▶ **Source data**:
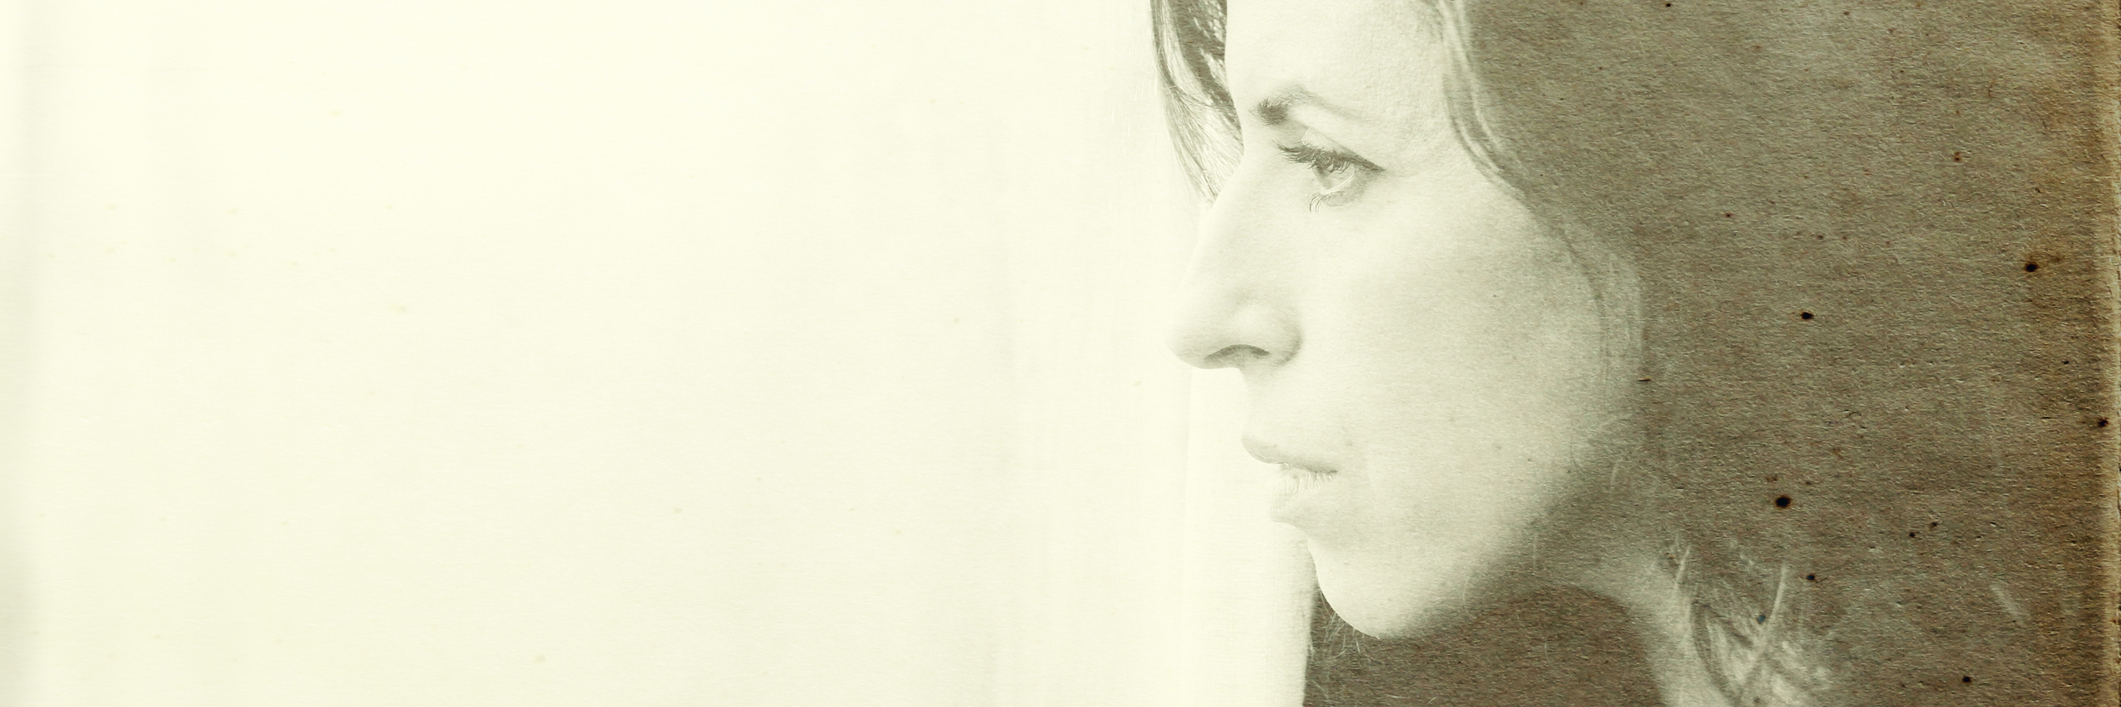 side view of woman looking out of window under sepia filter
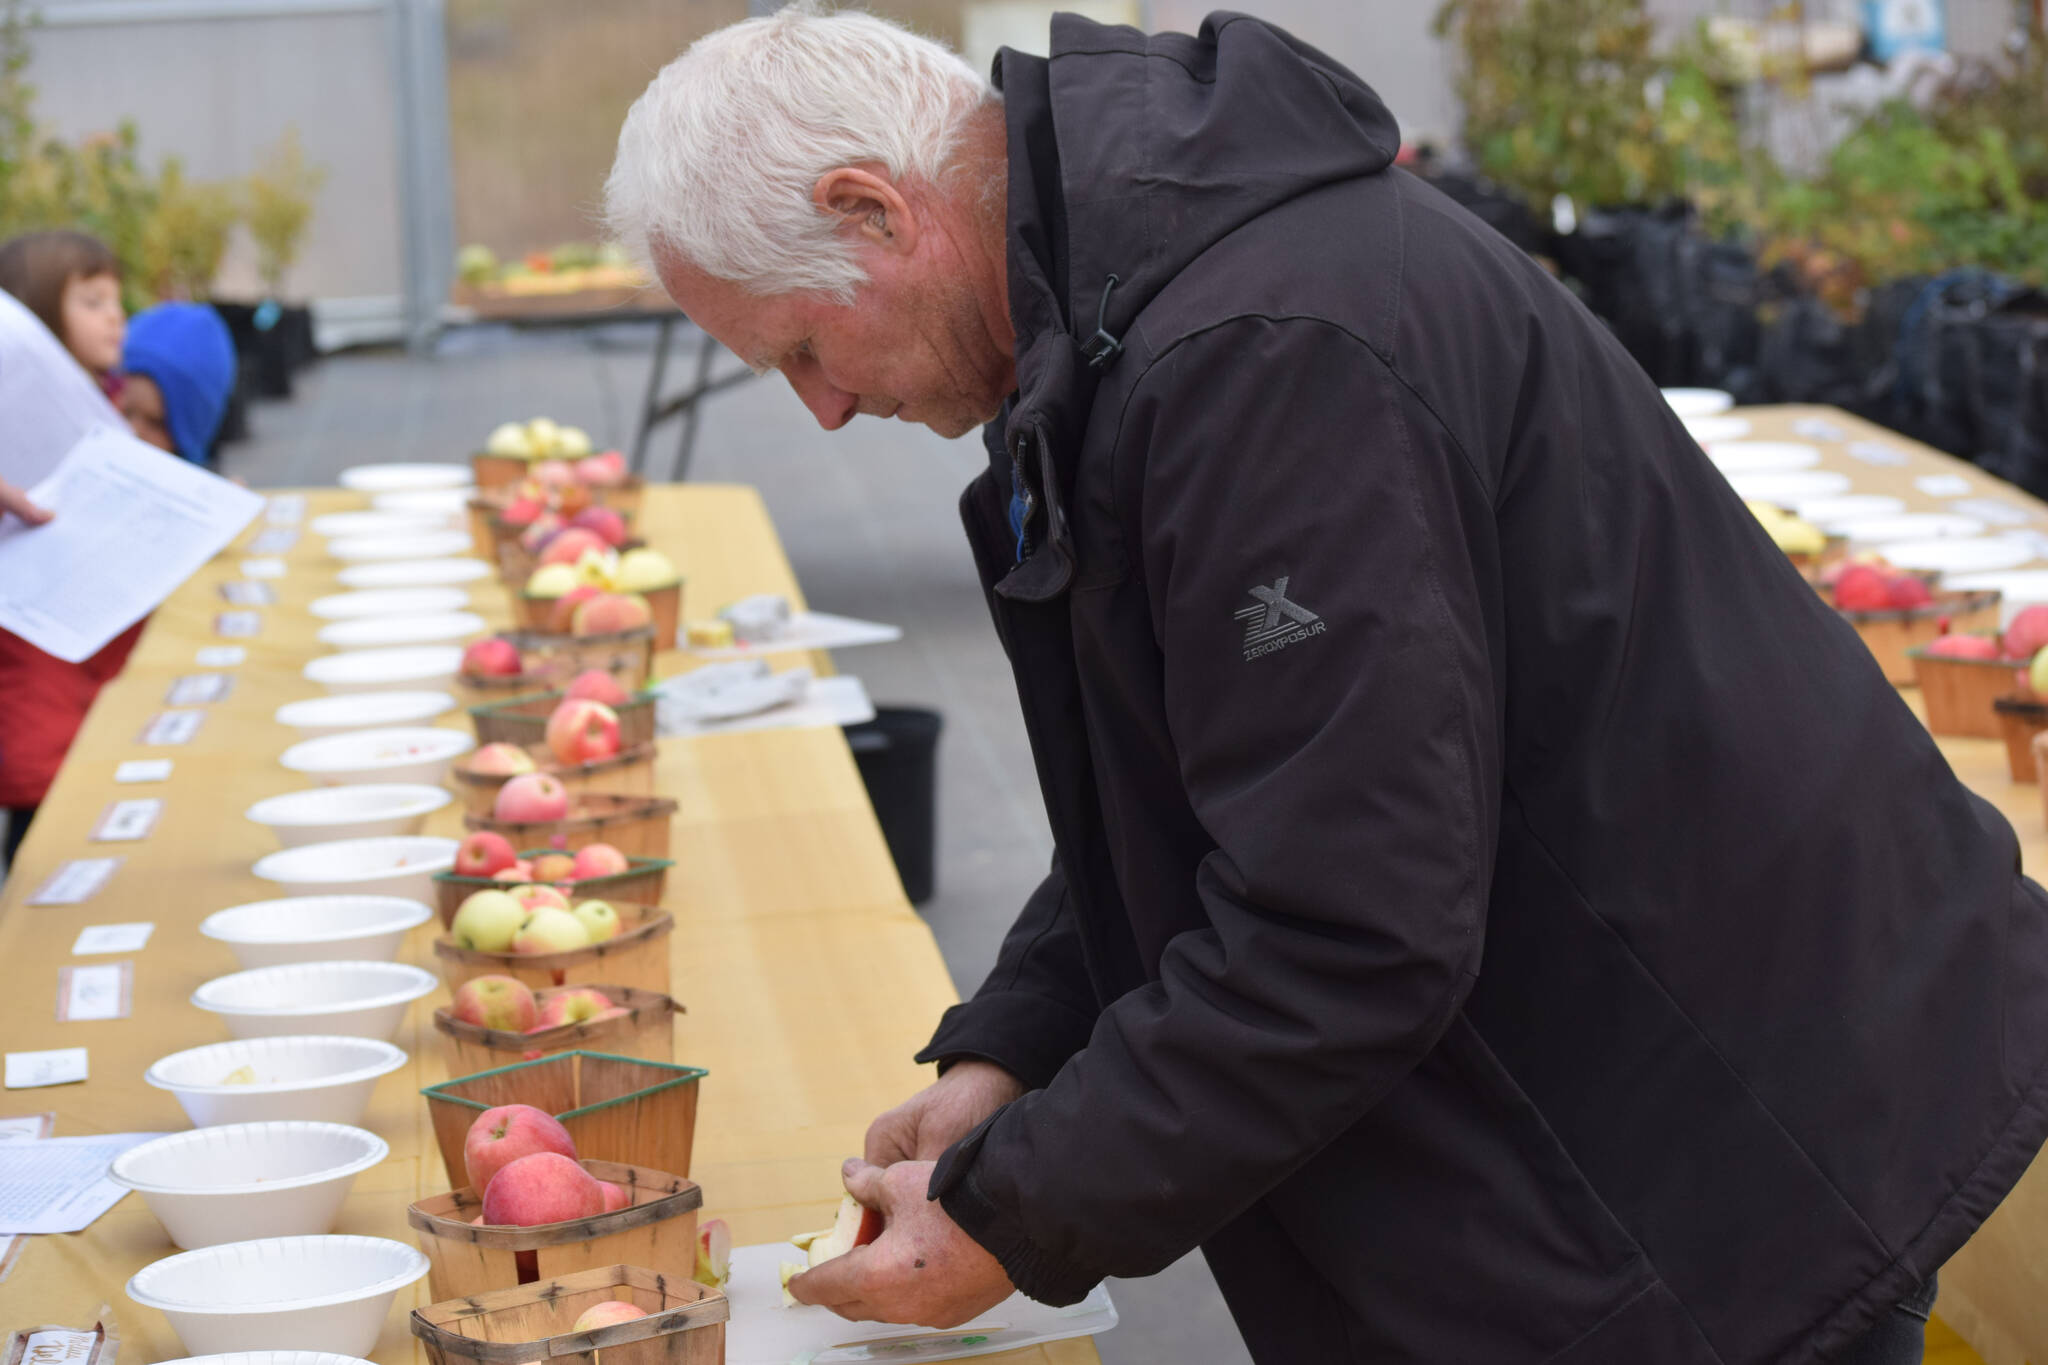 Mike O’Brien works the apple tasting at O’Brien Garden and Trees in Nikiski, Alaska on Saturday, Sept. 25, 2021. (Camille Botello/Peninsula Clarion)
==
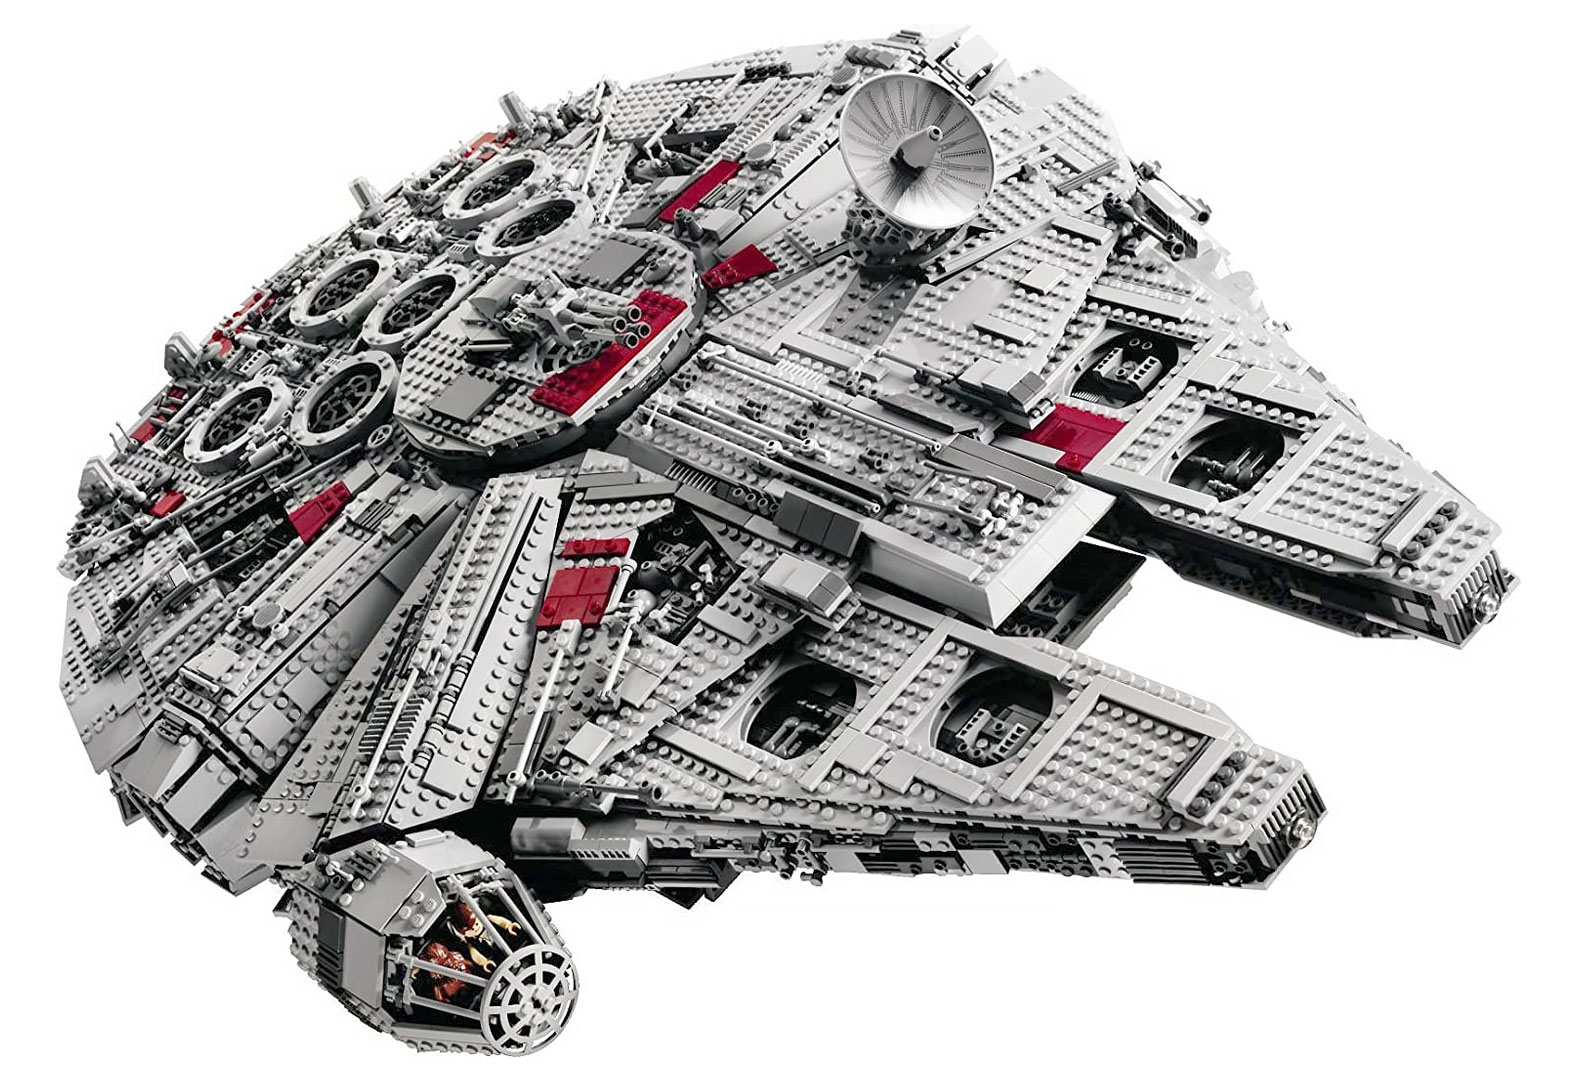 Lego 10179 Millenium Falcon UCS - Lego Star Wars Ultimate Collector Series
...
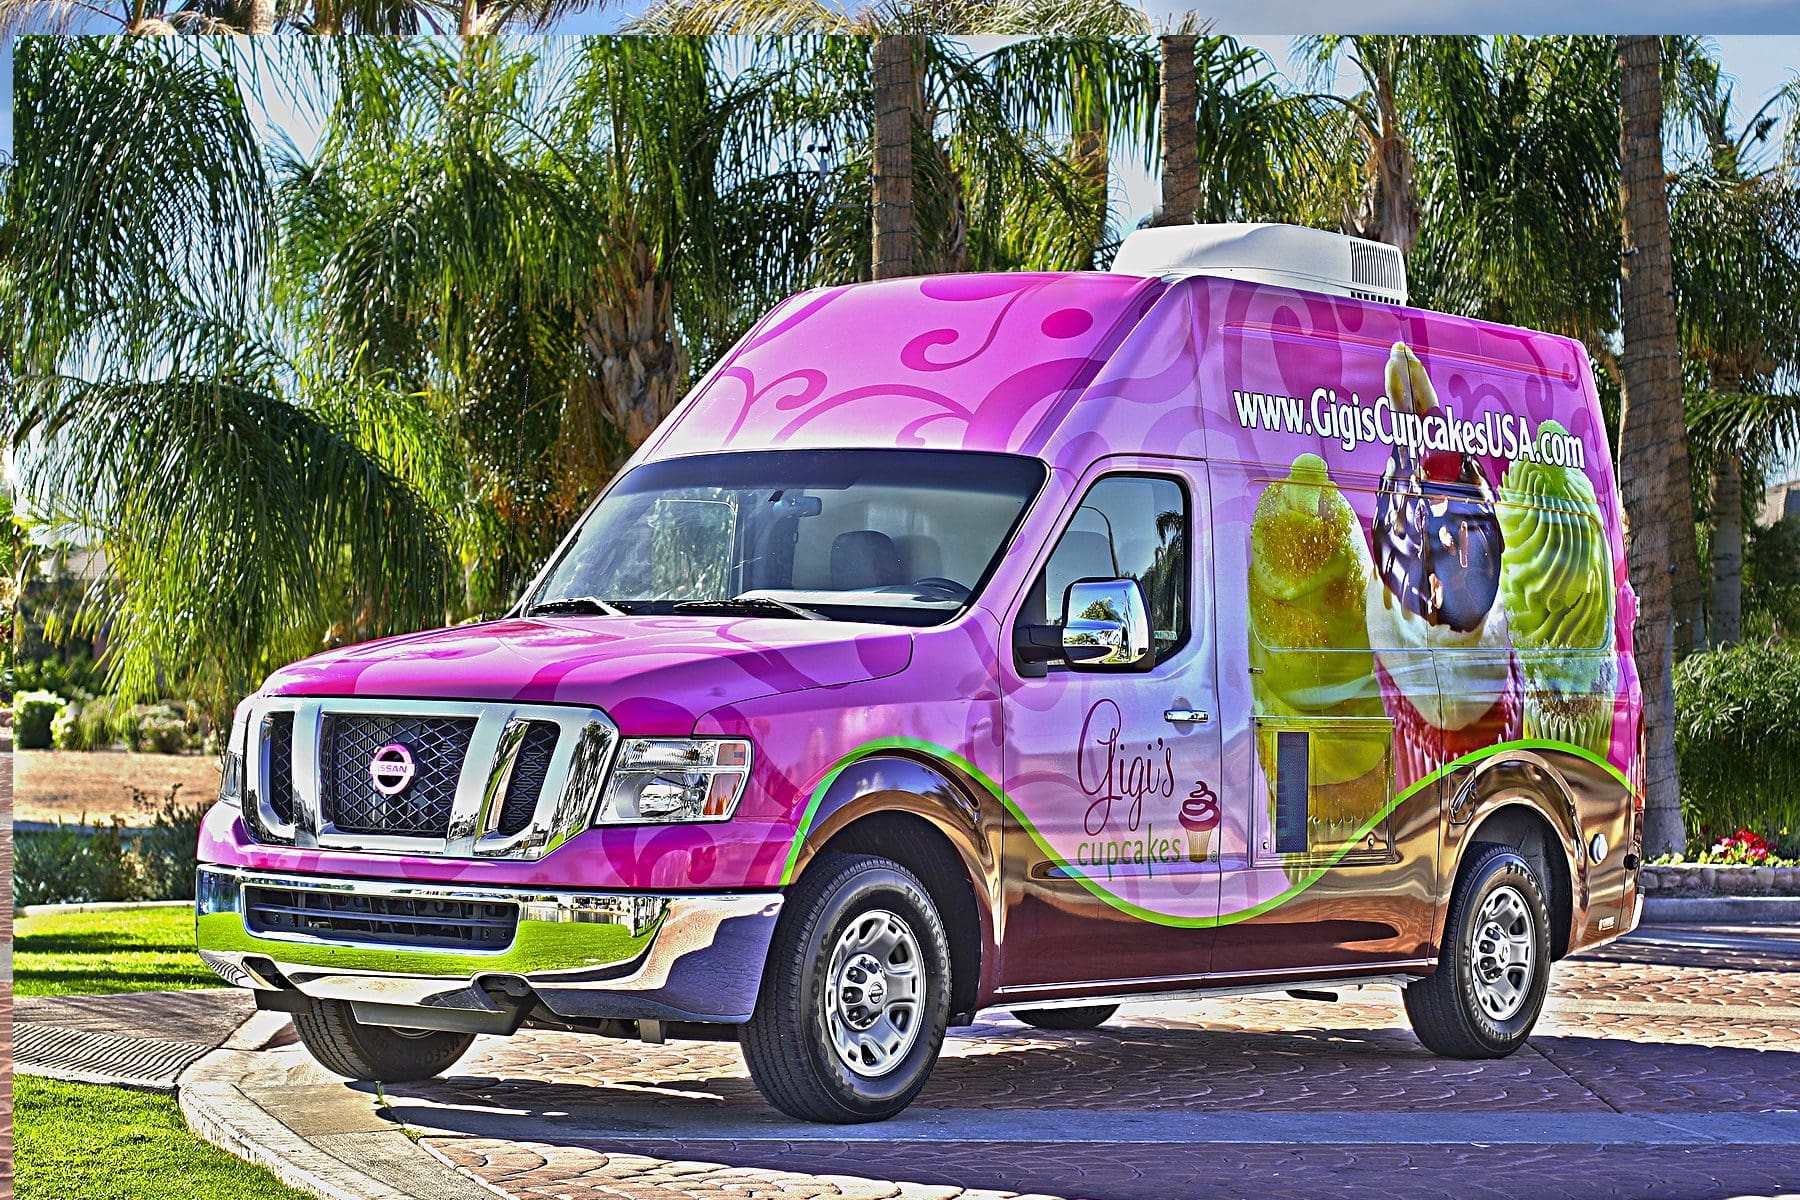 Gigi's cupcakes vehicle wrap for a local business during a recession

▶ **Work to be completed**:
In the records above, find the line with "side view of". Print exactly from there through the line with "Mike O’Brien works", minus the pictures.

▶ **Reply to the task**:
 side view of woman looking out of window under sepia filter
 Mike O’Brien works the apple tasting at O’Brien Garden and Trees in Nikiski, Alaska on Saturday, Sept. 25, 2021. (Camille Botello/Peninsula Clarion)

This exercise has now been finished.